## PROBLEM TO SOLVE
In the material below, print every line exactly and omit the pictures.

## RECORDED INFORMATION

- - - - - - -

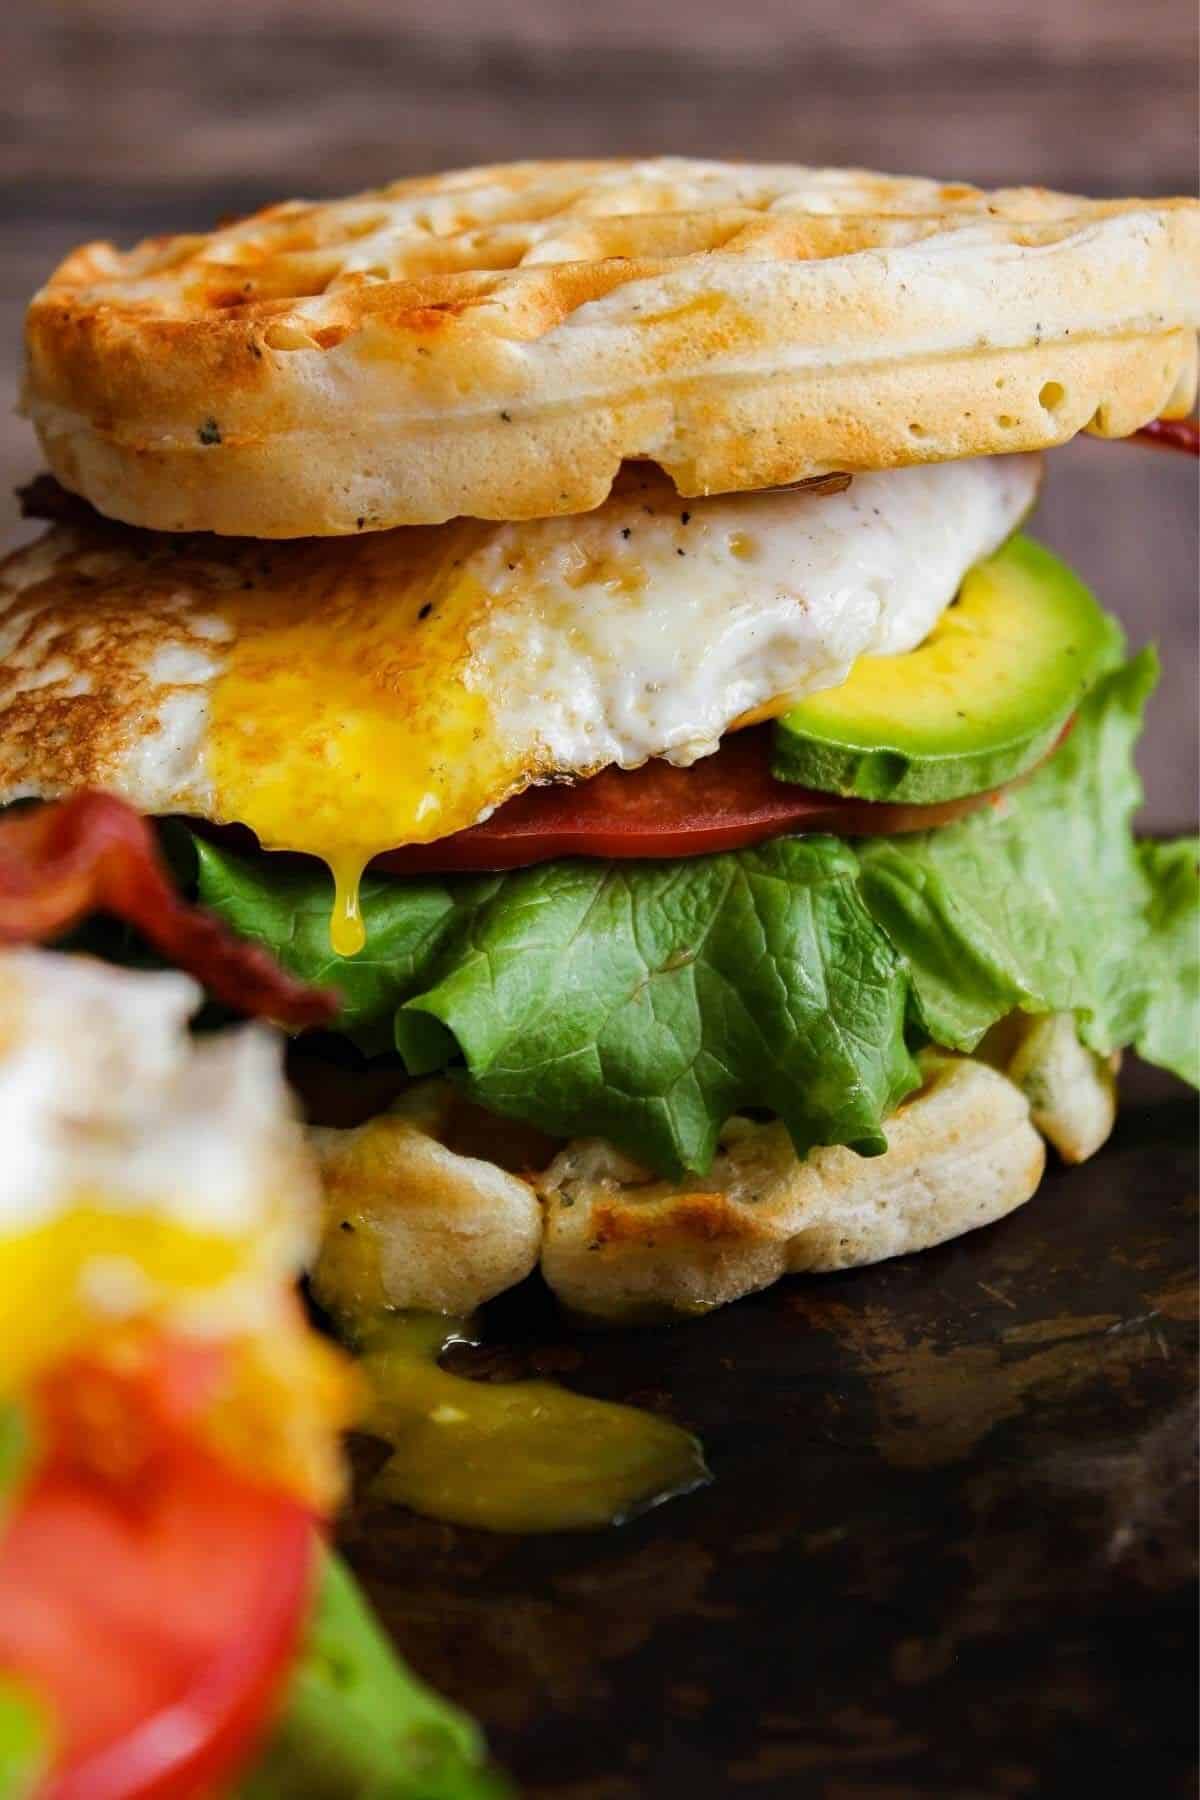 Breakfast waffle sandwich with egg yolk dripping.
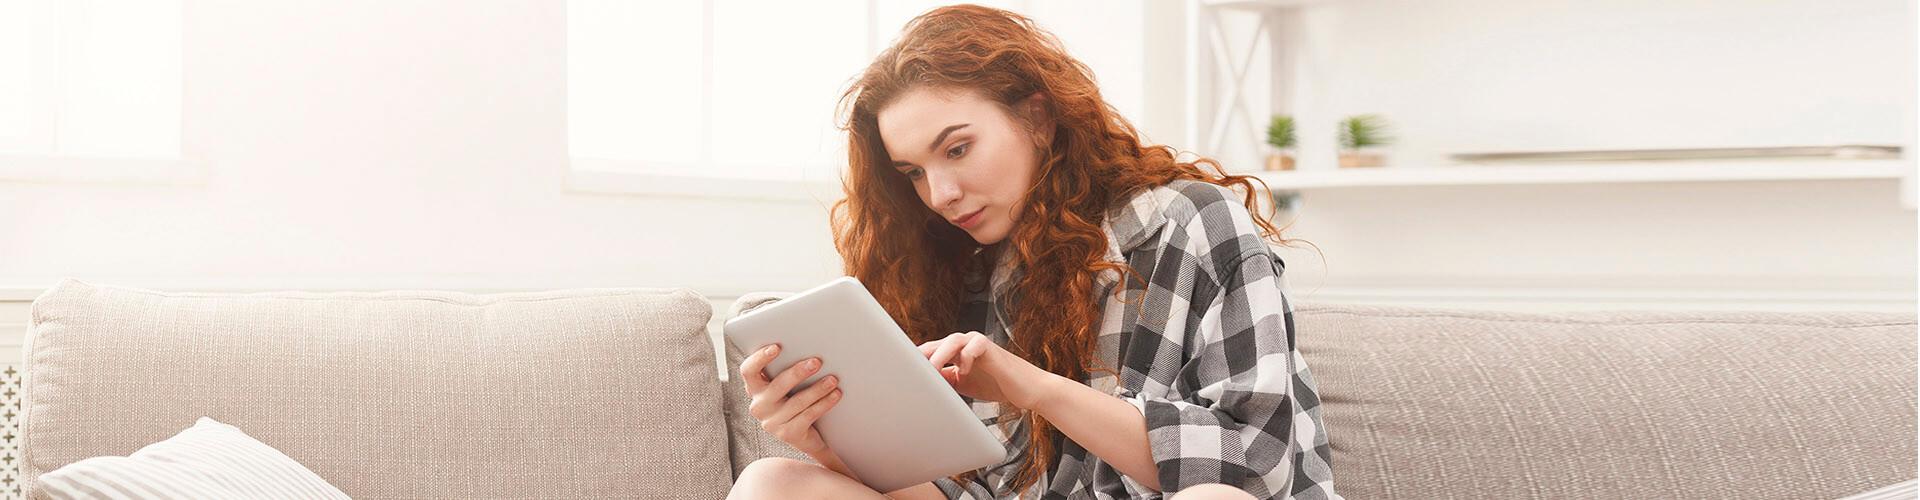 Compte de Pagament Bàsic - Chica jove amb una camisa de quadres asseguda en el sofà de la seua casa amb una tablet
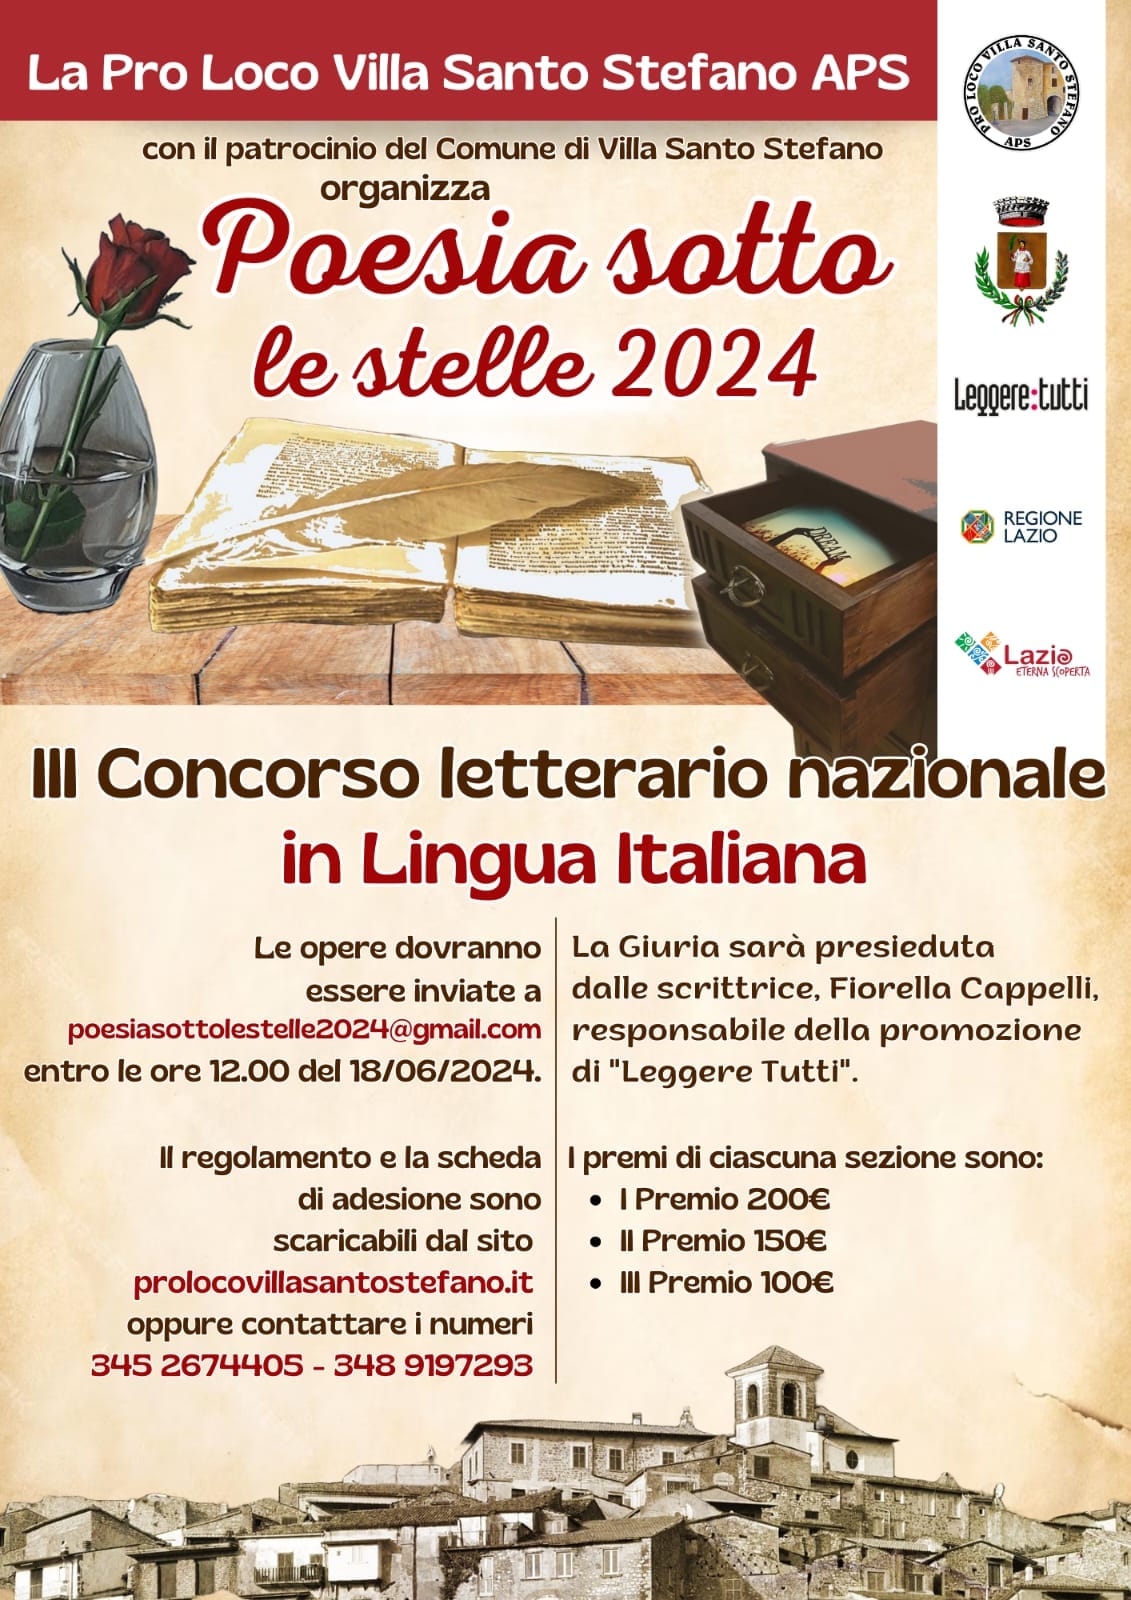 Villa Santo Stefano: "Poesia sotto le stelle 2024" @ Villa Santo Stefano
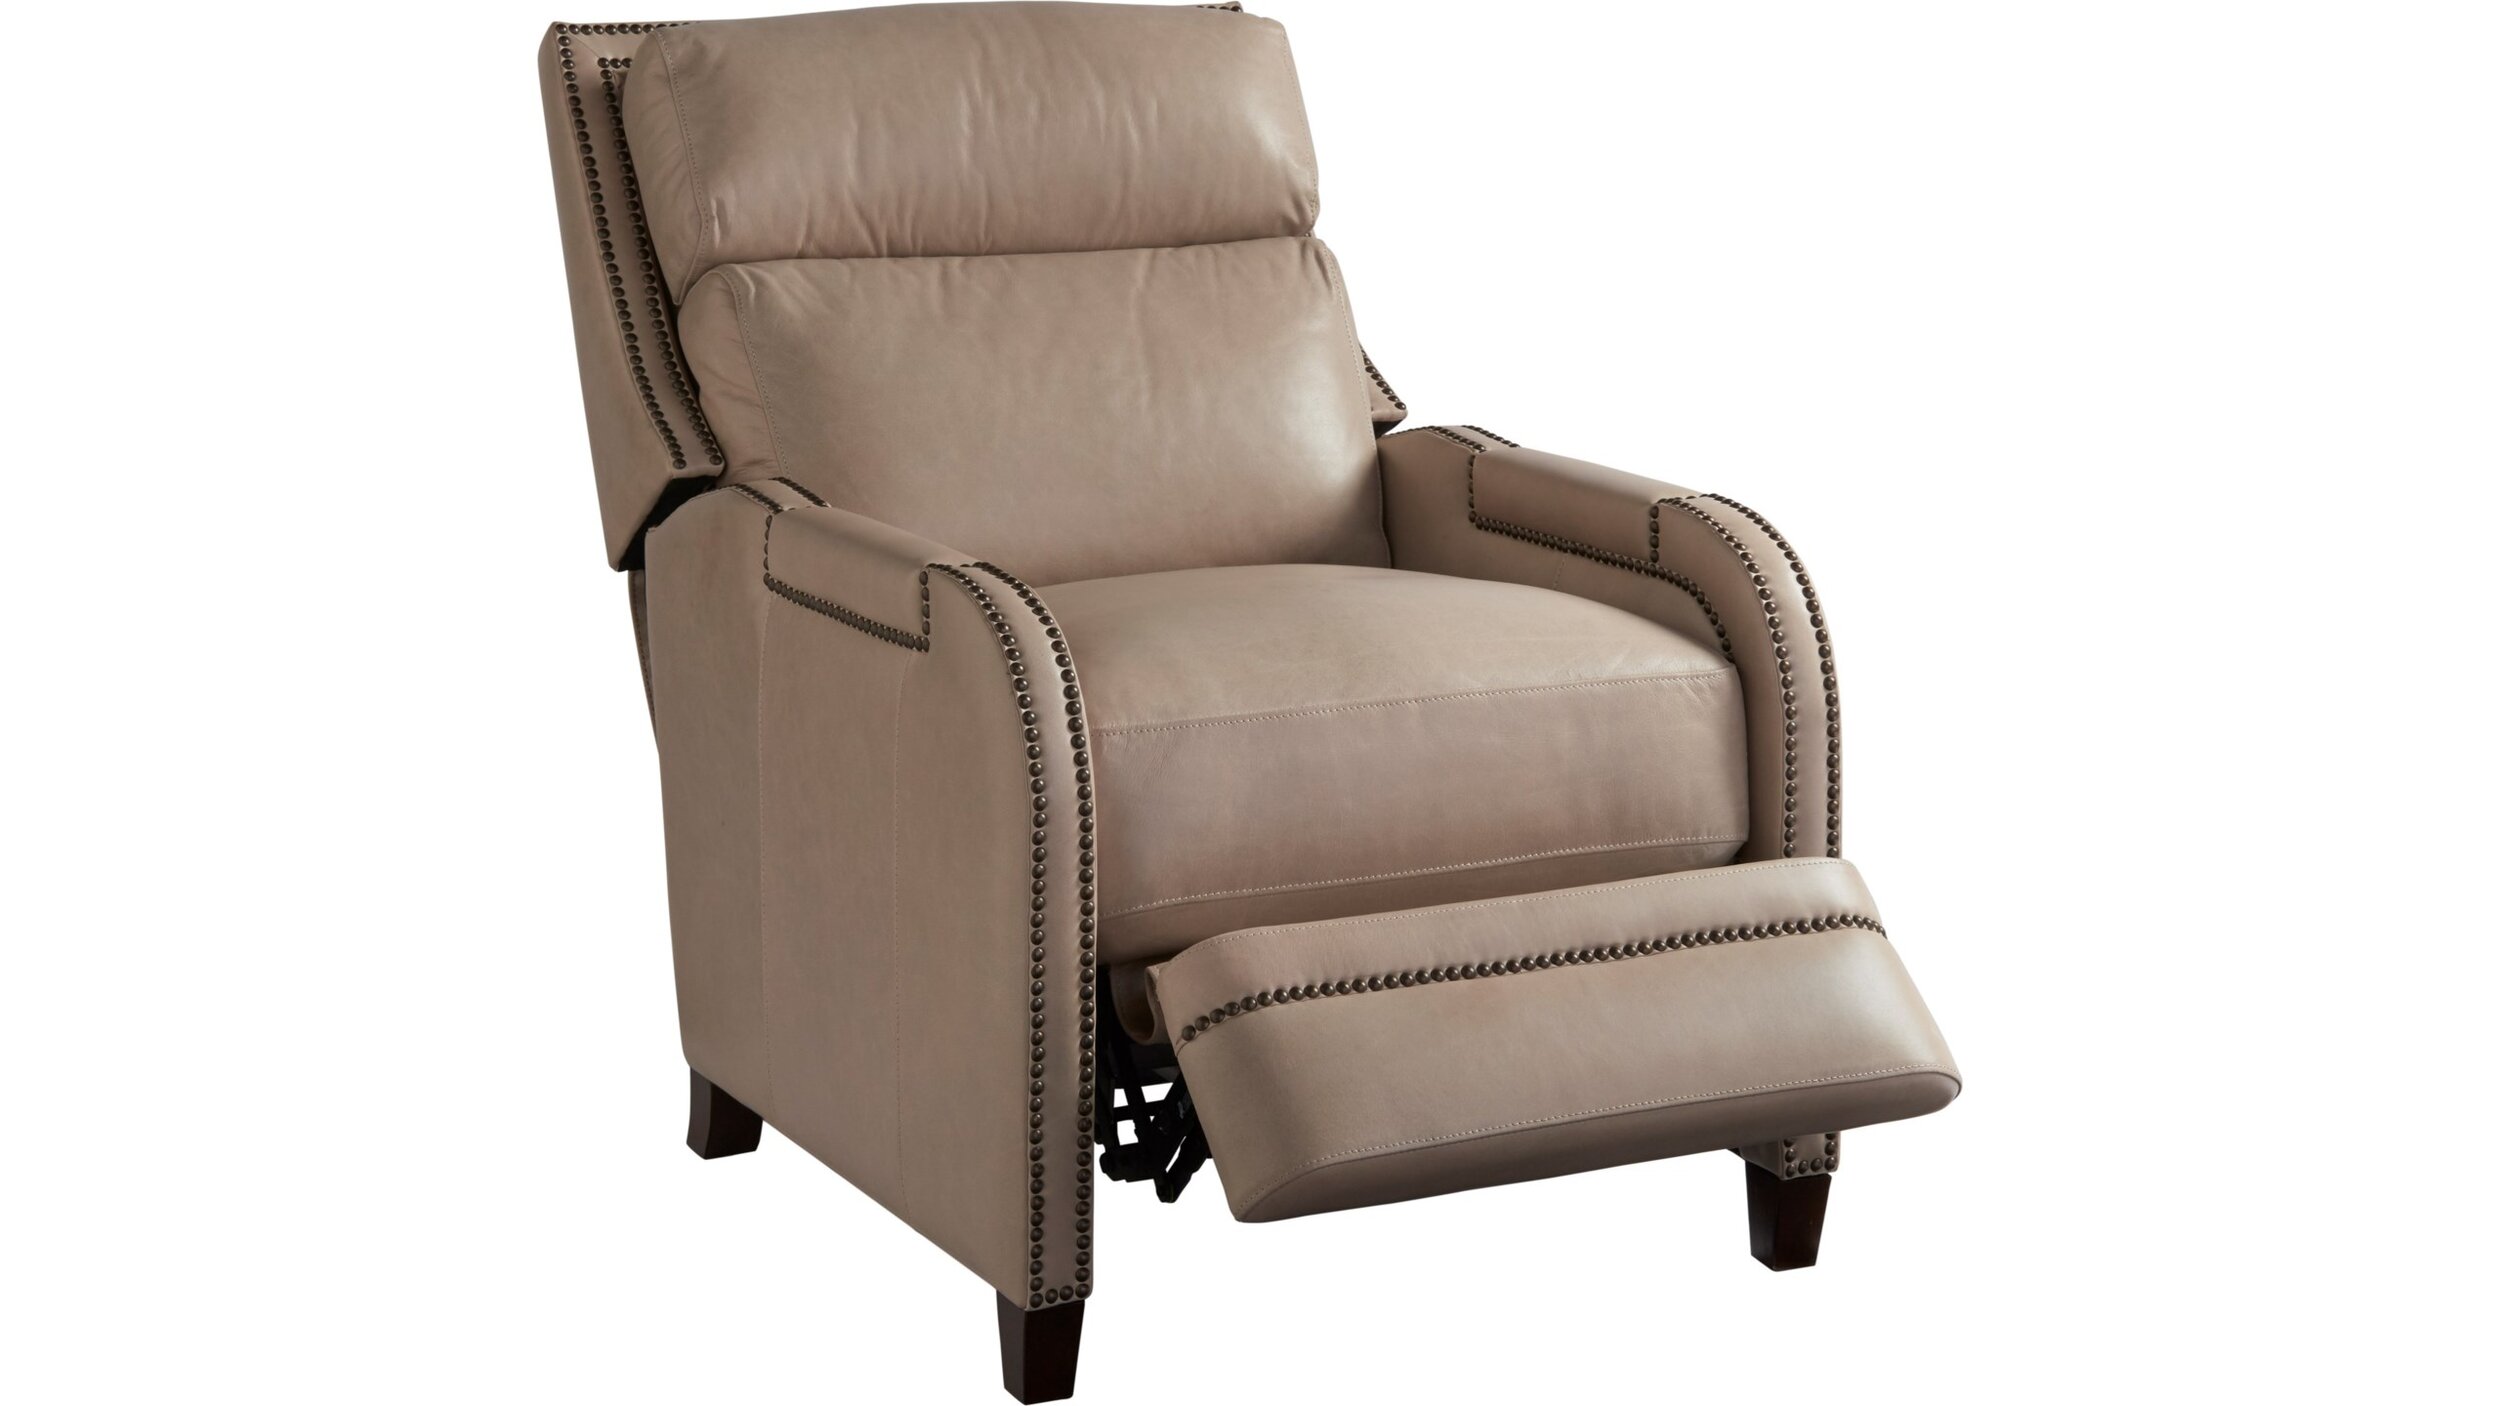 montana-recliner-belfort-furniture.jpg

- - - - - - -

## EXPECTED OUTPUT
 Breakfast waffle sandwich with egg yolk dripping.
 Compte de Pagament Bàsic - Chica jove amb una camisa de quadres asseguda en el sofà de la seua casa amb una tablet
 Villa Santo Stefano: "Poesia sotto le stelle 2024" @ Villa Santo Stefano
 montana-recliner-belfort-furniture.jpg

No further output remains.